Le monde de Hell is Us est le fruit d’une étonnante percussion entre un cadre fictionnel au réalisme glaçant et un récit fantastique où s’insinuent des saillies horrifiques. L’aventure prend formellement place dans le pays imaginaire d’Hadéa, en proie à une terrible guerre civile que l’on pourrait rapprocher du conflit en ex-Yougoslavie des années 1990. On y incarne Rémi, un simili casque bleu qui retourne dans le pays qui l’a vu naître, sur les traces de ses parents.
Rémi va rapidement plonger dans l’horreur et la désolation en découvrant qu’Hadéa n’est pas ravagé que par la guerre — des entités spectrales rôdent partout après un événement cataclysmique qui s’est produit, la Calamité. Par un coup du sort, il met la main sur une arme capable de vaincre ses monstres et va donc s’engager dans une épopée solitaire pour comprendre et mettre un terme à ces terribles événements. Le cadre est posé, et on a bien du mal à se remettre du voyage offert Hell is Us, qui nous avait déjà tapé dans l’œil.
Points forts
- Un univers fascinant
- Une aventure riche, ouverte et passionnante
- Système de combat solide
Points faibles
- Une VF trop plate
- Énigmes inégales
- Un héros pas très charismatique
Le monde de Hell is Us est aussi merveilleux que terrible
Bien que son nom pouvait difficilement envoyer un message plus clair, ce qui frappe dans un premier temps, est la manière franche et crue avec laquelle Hell is Us dépeint ce conflit. Pénétrer à Hadéa revient à découvrir une terre désolée, rongée par les bombes, où ses rares habitants vivent reclus, terrifiés par les atrocités commises par l’armée ennemie et par ces entités mystérieuses qui rôdent, impassibles. En visitant ces hameaux, ces maisons en ruines, ces villes et villages en partie calcinés, portant les cicatrices encore vives des combats, on est saisi par l’effroi et écrasé par un profond sentiment de désespoir. Soldat ou civil, au fil de dialogues statiques, chaque PNJ croisé nous rappelle constamment la violence et la dureté de ce contexte percutant.

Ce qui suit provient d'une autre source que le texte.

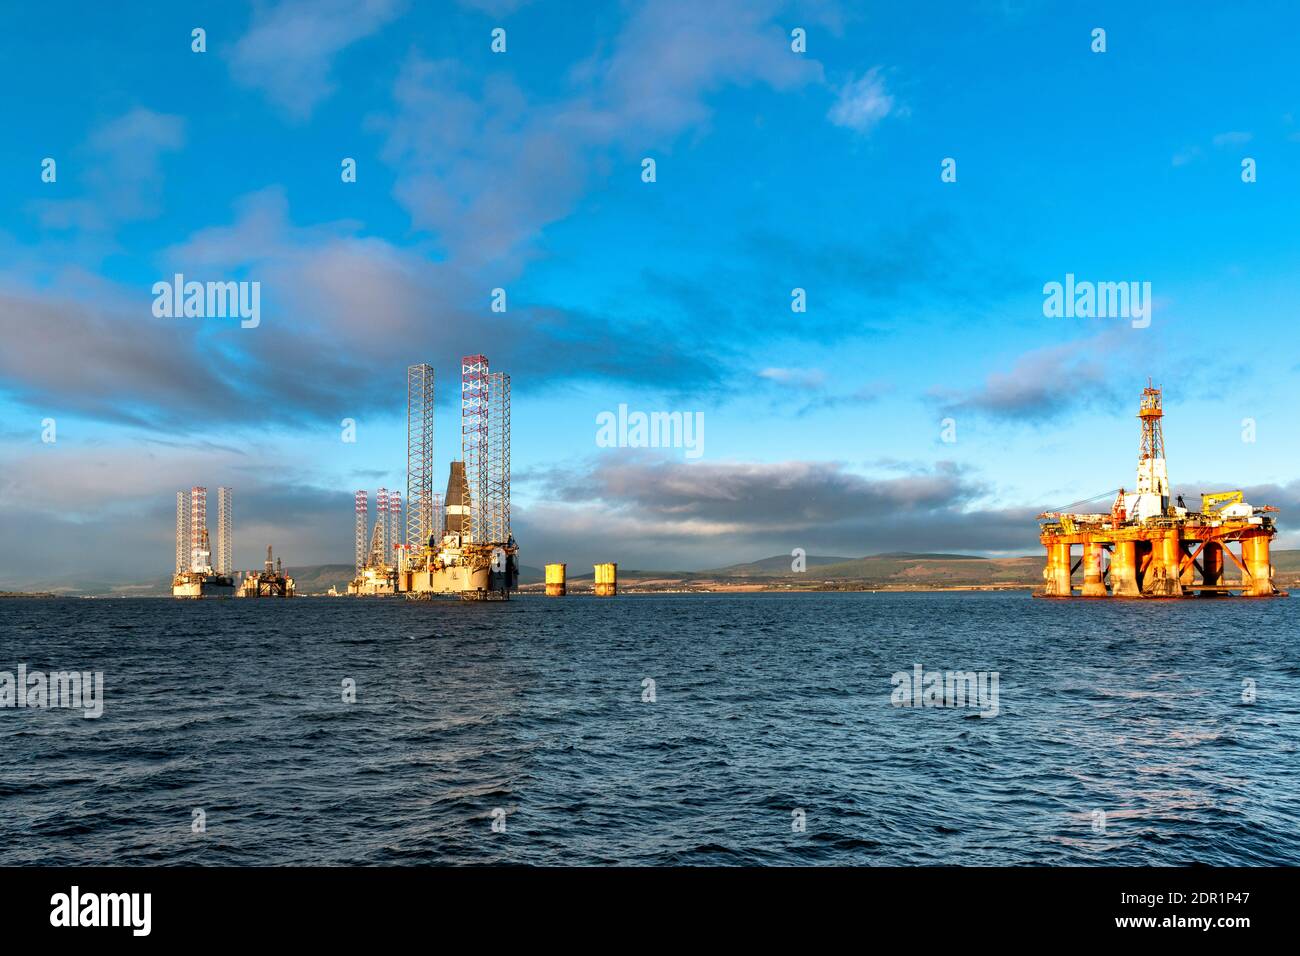 CROMARTY BLACK ISLE PENINSULAR SCOTLAND EARLY MORNING AND THE CROMARTY FIRTH WITH OIL PLATFORMS OR RIGS Stock Photo

Et c’est par-dessus que vient se poser un voile mystico-fantastique. Comme pour appuyer ce contraste narratif audacieux, les monstres qui hantent Hell is Us sont des formes tantôt humanoïdes, tantôt animales, d’une blancheur éclatante, étrangement immaculée, et aux mouvements amples et saccadés. Ils grouillent un peu partout comme le feraient les innommables atrocités d’un Silent Hill et donnent au jeu des atours de survival-horror. Leur présence permet surtout de faire dériver le récit vers le fantastique en les reliant à un lore d’une densité impressionnante et qui remonte à la nuit des temps (c’est sans doute le moment où l’on aurait envie de convoquer H.P. Lovecraft).
Spectaculaire, épique, glauque, terrifiant, merveilleux, étouffant, subjuguant
Cette entaille scénaristique dans le réalisme étouffant de Hell is Us entraîne l’aventure vers des temples endormis, des donjons ancestraux cachés dans les entrailles de cette terre ravagée. Au fil du jeu, on passe ainsi de l’exploration d’un complexe scientifique ultra-moderne à une prison millénaire qui semble sortie d’un cauchemar de Fumito Ueda (ICO, Shadow of the Colossus, The Last Guardian…), en passant par une ville engloutie dans les fumées orangées d’un incendie qui l’encercle. Grâce à son cadre narratif à deux facettes, Hell is Us s’autorise des ricochets constants entre survival-horror contemporain et exploration à la Dark Souls. Ce mariage fonctionne étonnamment bien et assure une variété des décors et des situations vraiment remarquables. Il tient surtout grâce à une direction artistique à tomber par terre.
Si le jeu n’est sans doute pas la plus étincelante démo technique d’Unreal Engine 5 que l’on ait vue, d’un point de vue esthétique et créatif, il enchaîne claque sur claque. C’est spectaculaire, épique, glauque, terrifiant, merveilleux, étouffant, subjuguant. Et, surtout, toujours surprenant. Cette atmosphère si singulière est en outre portée par des musiques électroniques fabuleuses qui envahissent et distordent l’espace sonore pour distiller une angoisse et une tension palpables. Dommage que les doublages français ne soient pas au niveau. Monotones, souvent mal interprétés… : ils cassent un peu trop l’ambiance.

On adhère à la DA d’Hadéa
Hadéa est divisée en une dizaine de régions à explorer que l’on débloque au fil de notre aventure et de nos découvertes. À l’issue d’un prologue qui annonce très bien la couleur, Rémi récupère un véhicule blindé léger qui lui permet de circuler entre ces niveaux indépendants et très ouverts où nous attendent souvent des enjeux différents. Le game design de Hell is Us cherche à combler un vide entre les open worlds AAA modernes et leurs icônes et quêtes fléchées à tout-va, et les soulslike mystérieux et labyrinthiques où l’histoire se raconte parfois dans la description d’un simple objet trouvé au fin fond d’un donjon lugubre. Il crée donc une progression plus naturelle via un système de collecte d’indices qui viennent s’accumuler dans un petit ordinateur de poche que l’on peut consulter à tout moment. Rogue Factor reprend à son compte certaines belles idées d’Outer Wilds pour créer cette sensation de mener une véritable enquête de terrain et de voir le puzzle narratif s’agencer peu à peu.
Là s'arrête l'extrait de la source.